While the film received good reviews, it wasn't a big hit upon release, but has since gained somewhat of a cult following. Not to be confused with Mumford & Sons, or The Amazing Mumford from Sesame Street.

This film contains examples of the following:

  • As Himself: Robert Stack appears as himself, hosting a segment of Unsolved Mysteries dealing with Mumford's real identity.
  • Bunny-Ears Lawyer: Skip is a bit...eccentric, but he's also a brilliant scientist and a Benevolent Boss.
  • Conveniently Unverifiable Cover Story: All of the people who "taught" or supervised Dr. Mumford are dead, which makes Dr. Sheeler suspicious.
  • Deadpan Snarker: Dr. Mumford can be this at times, as can Sofie, but Lily and Nessa are especially this way.
  • Dime Novel: Henry's fantasy life and dreams seem to come out of these.
  • Epiphany Therapy: Played straight with Althea and Henry, but averted with Sofie and Skip. Then again, considering Mumford isn't really a psychologist...
    • Also, in Althea's case, she's the one who comes up with the epiphany. Generally speaking, Mumford's method, except for Sofie to an extent, is "Heal thyself" (though not in those words).

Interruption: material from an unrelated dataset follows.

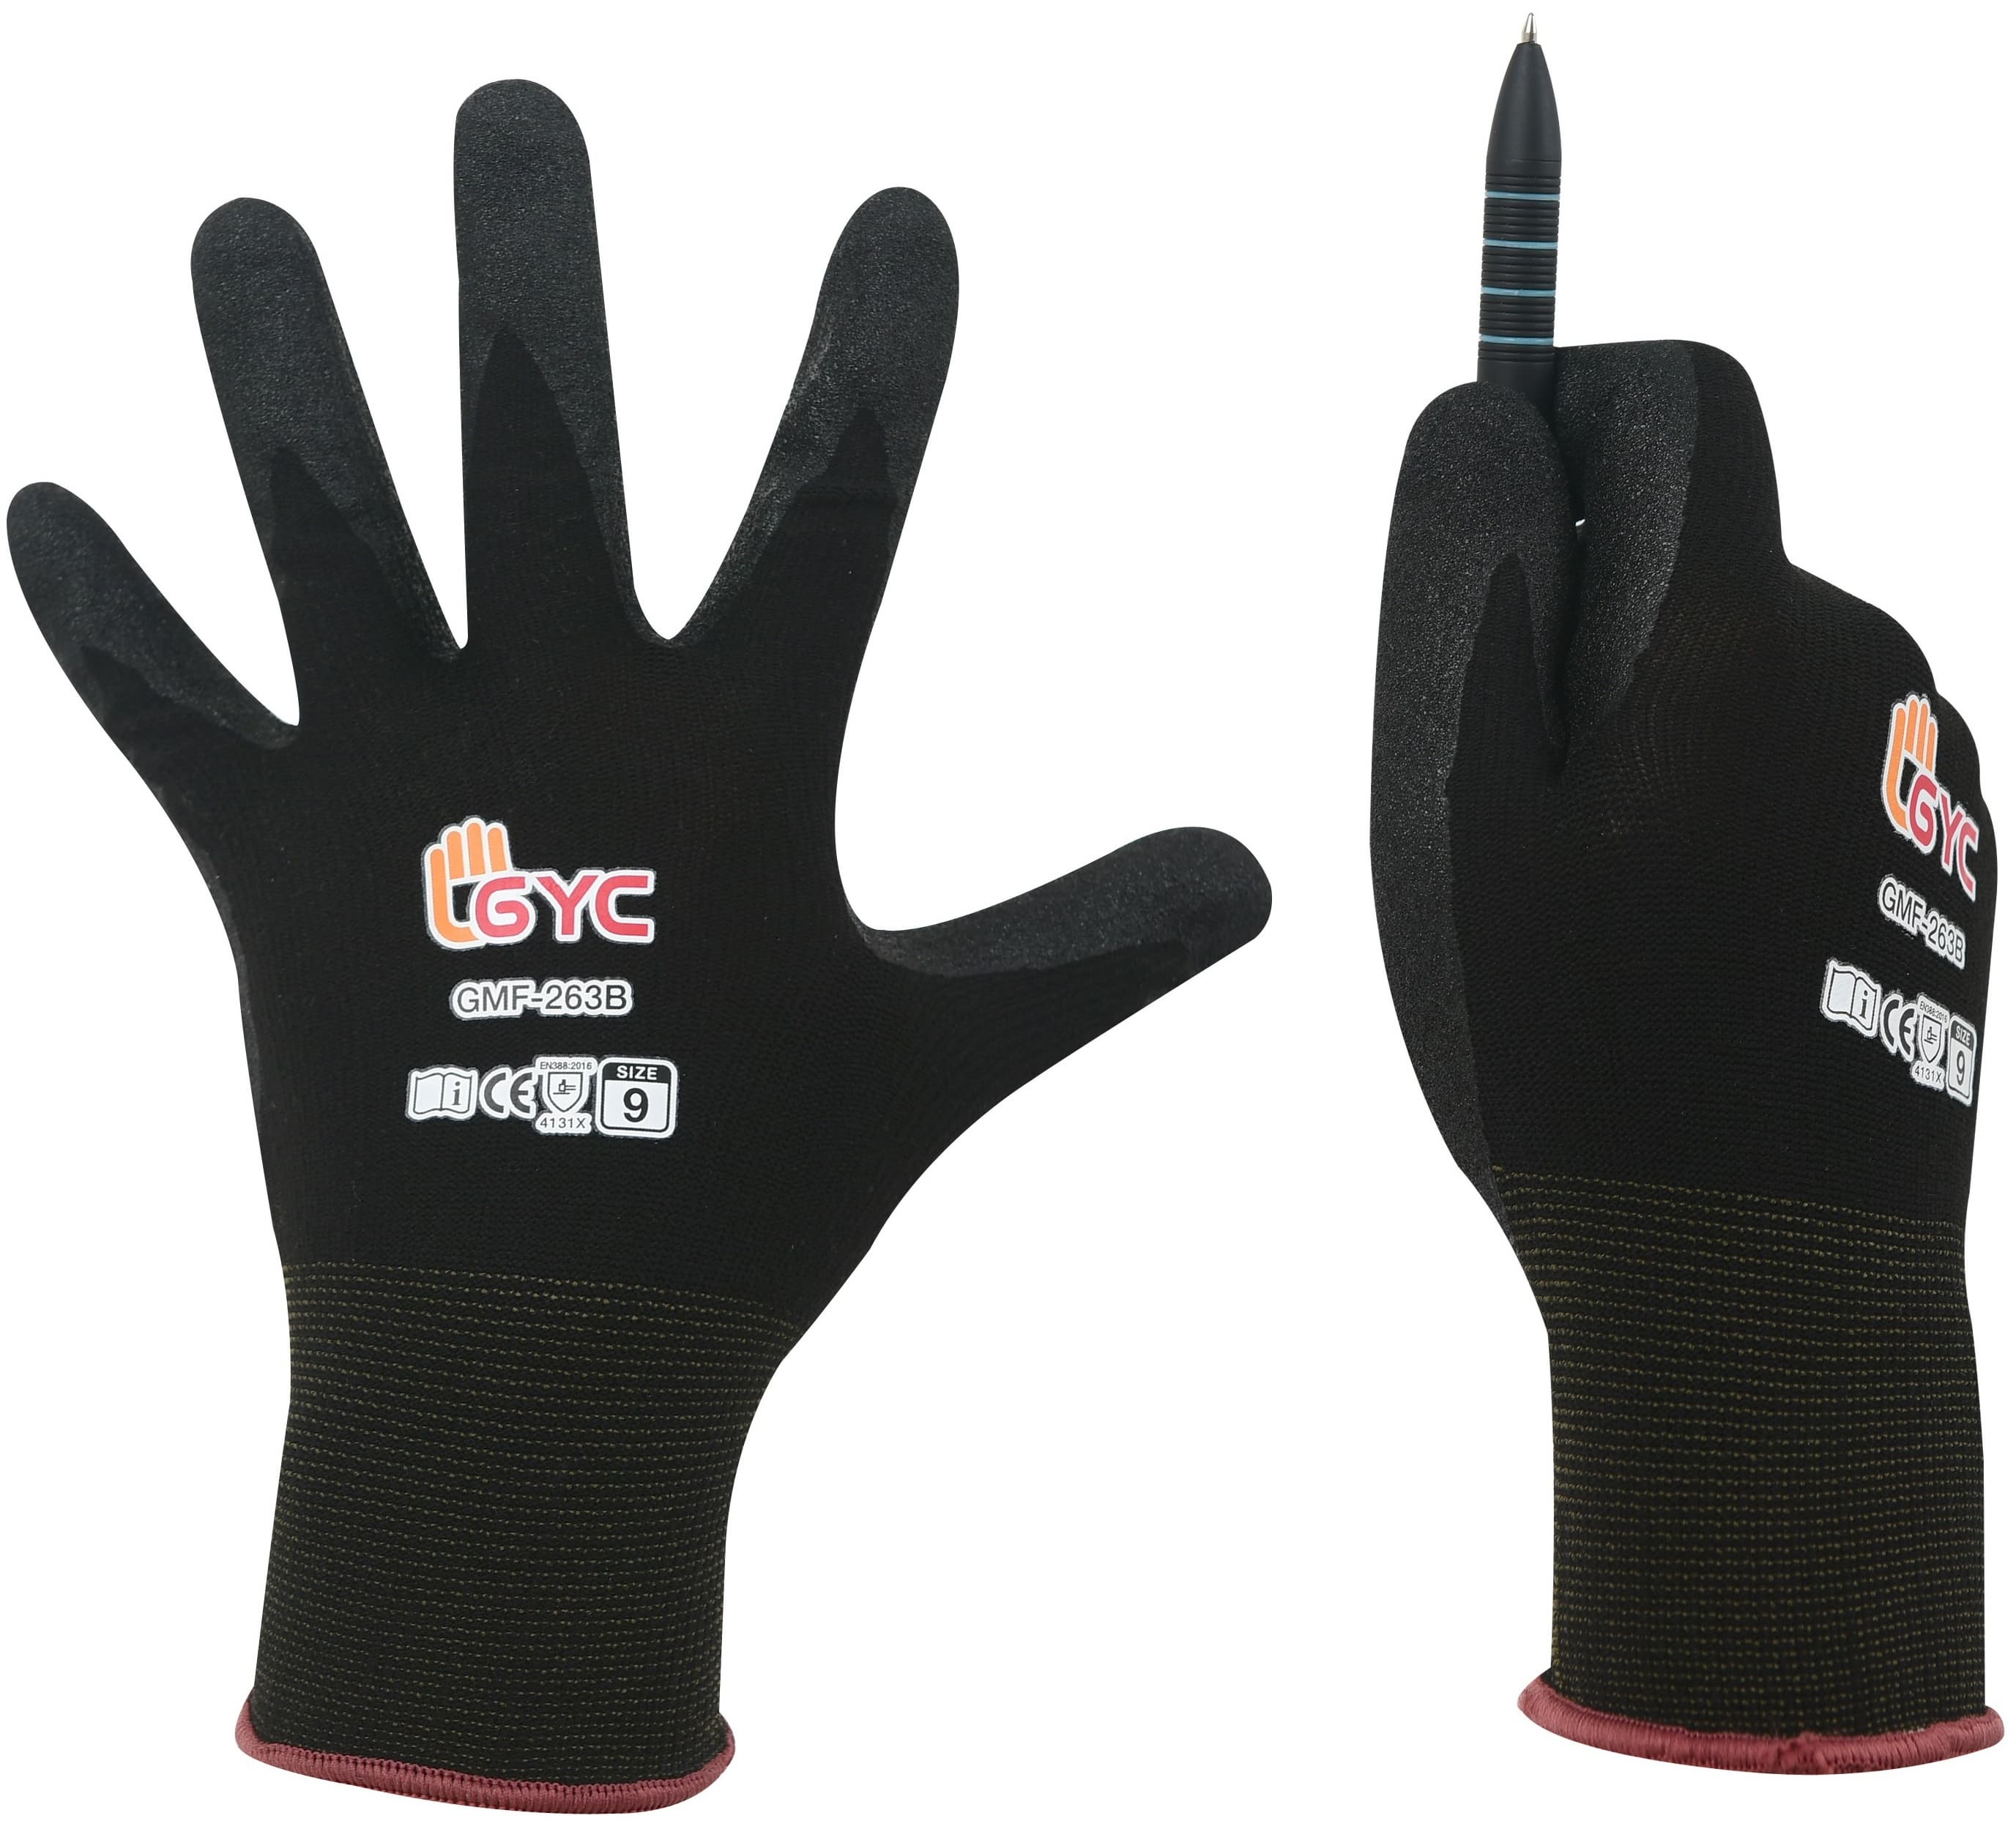 GMF_263B _ General Purpose_ Oil _ Dry Grip_ Nitrile Micro Finish Safety Work Gloves

  • Foreshadowing: When Althea asks if Mumford has any skeletons in his closet, Mumford admits, "A few." Also, when her husband asks if Mumford knows anything about addiction, he replies, "A little."
  • Good-Times Montage: We see all of Mumford's patients (and friends like Lily) being happy while Bob Seger's "Till it Shines" plays.
  • Here We Go Again!: As Mumford is being driven to prison, the police officer starts talking about his problems with his wife, and it looks like even though Mumford's lost his license, he's still going to continue being a shrink of sorts.
  • Last-Second Word Swap: Lily protests to Mumford there's nothing between her and Skip, saying, "I'm old enough to be his...older sister."
  • May–December Romance: A gender-flipped one develops between Lily and Skip.
  • Mistaken for Gay: When Skip hears Mumford has fallen in love with one of his patients, he asks, "It's not me, is it?"
  • No Name Given: We never find out Mumford's real name.
  • Pet the Dog: Even though Lionel is the one who convinces Dr. Sheeler to investigate Mumford, he's the one who's defending Mumford at his trial, and who assures Mumford he can get his sentence reduced.
  • Shout-Out: Lily has a dog named Ainge, named after Danny Ainge, a former player for the Boston Celtics.
  • Smug Snake: Lionel and Jeremy.
  • That Came Out Wrong:
    Sofie:' (after finding out the truth about Dr. Mumford) I should be irate with you.
    Dr. Mumford: *Should* be?
    Sofie: (realizing) I *am* irate!
  • Trailers Always Spoil: Mumford doesn't confess to Skip, and the viewer, that's he's not a real psychologist until about halfway through the movie, but that confession is a major part of the trailer.
  • Troubled Backstory Flashback: When we find out Dr. Mumford's previous life.
  • Verbal Backspace: After Mumford asks Henry why his wife left him:
    Henry: She couldn't satisfy me.
    Mumford: WHAT?!?
    Henry: I mean, I wasn't satisfied.